Another question that arises from the text is what the object of Abram’s faith was. Is the phrase “And he believed the Lord” (v. 6) in response to one (or more) of the three promises that Yahweh made to Abram in vv. 1–5? Or is Abram perhaps responding in faith to the entirety of Yahweh’s assurances in this passage?4 Schliesser contends,
The prepositional expression that belongs to וְהֶאֱמִ֖ן is יהוָ֑ה. It does not say: Abraham believed Yahweh what he said (credere deo), but: Abraham believed in Yahweh (credere in deum). If read accurately and without limiting its meaning, וְהֶאֱמִ֖ן connotes: Abraham does not only consider or declare trustworthy the words of Yahweh and, furthermore, he does not only gain firmness and certainty in them, but he gains firmness and fastens himself in the one who gave these promises and assurances.5
Thus, both the grammar and the theology of this verse (as understood in its full biblical context) indicate that Abraham’s faith is ultimately placed in Yahweh Himself.
The contextual sense of וְהֶאֱמִ֖ן in Gen 15:6 as having belief in God is found elsewhere in the Hebrew Bible (Exod. 14:31; Num. 14:11, 20:12; Deut. 1:32; 2 Kings 17:14; Pss. 78:22; Jon. 3:5). These verses reveal a contextual pattern; in each case, הֶאֱמִינ is used in relation to a belief in God that saves. This same word is used for the faith of the Israelites when the Lord brought them across the Red Sea and drowned the pursuing Egyptians (Exod. 14:31), and the faith to which Jehoshaphat rallies the kingdom of Judah as God delivers them from their enemies (2 Chron. 20:20), and the belief of the inhabitants of Nineveh that saved them from God’s imminent judgment (Jon. 3:5).

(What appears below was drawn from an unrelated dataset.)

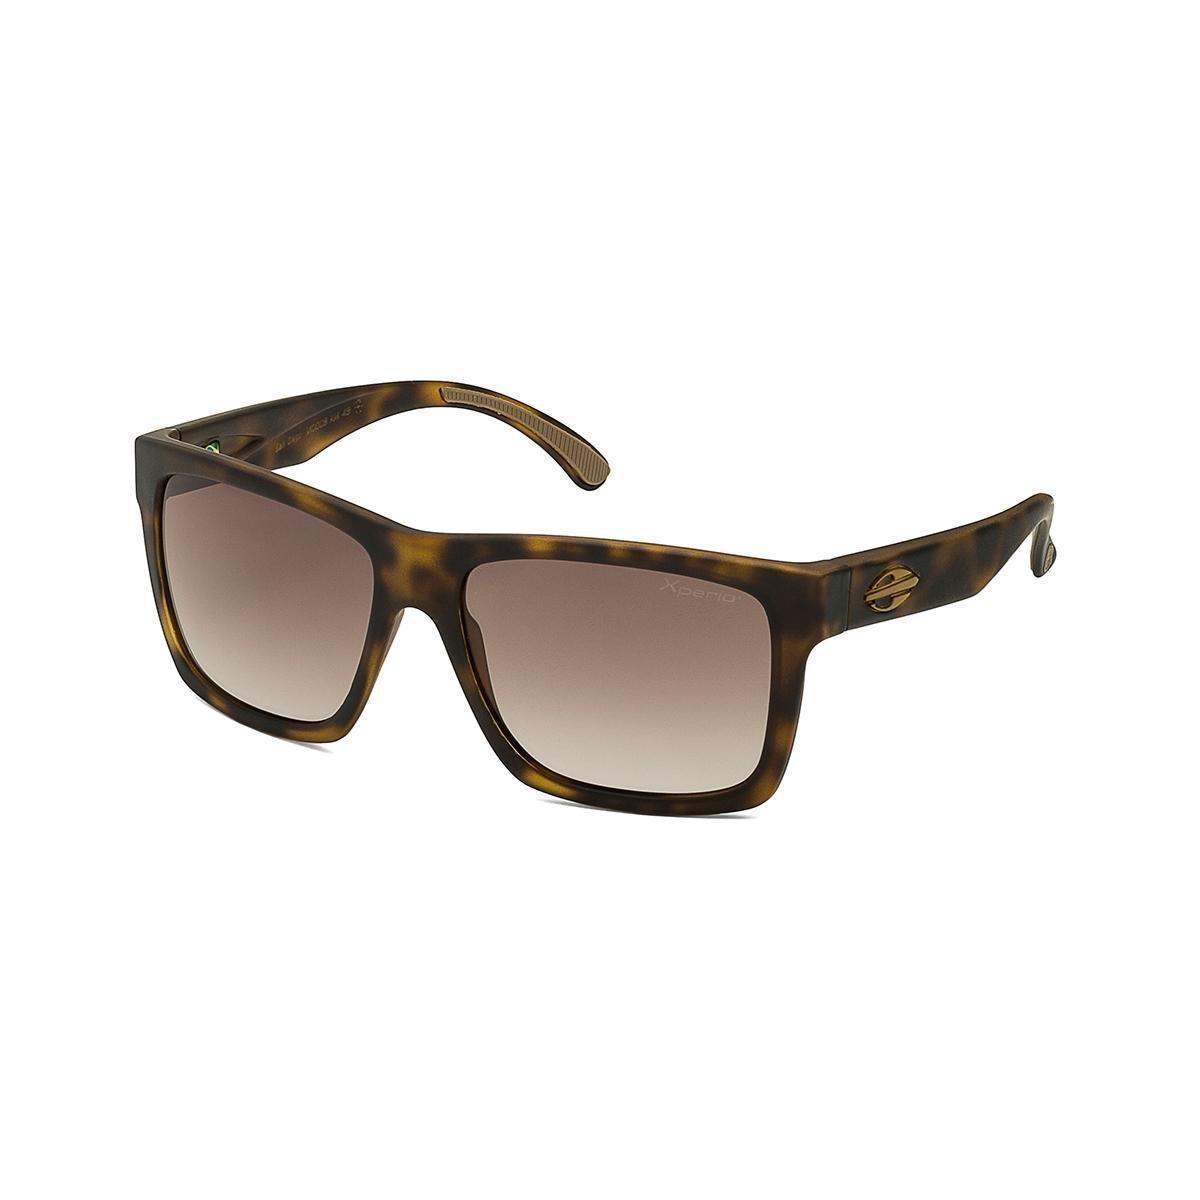 87bb96a6772b5 Oculos Sol Mormaii San Diego - Marrom - Compre Agora

The word הֶאֱמִינ is also used in the negative sense to refer to a lack of faith that leads to destruction rather than salvation. Examples include Numbers 14:11 (c.f. Deut. 1:32; Psalm 78:22), where a lack of belief condemned an entire generation of Israelites to die in the wilderness; Numbers 20:12, where a lack of belief prohibited Moses and Aaron from entering the promised land with their fellow Israelites; 2 Kings 17:14 where God allowed the northern kingdom of Israel to be overthrown by Assyria because of their unbelief.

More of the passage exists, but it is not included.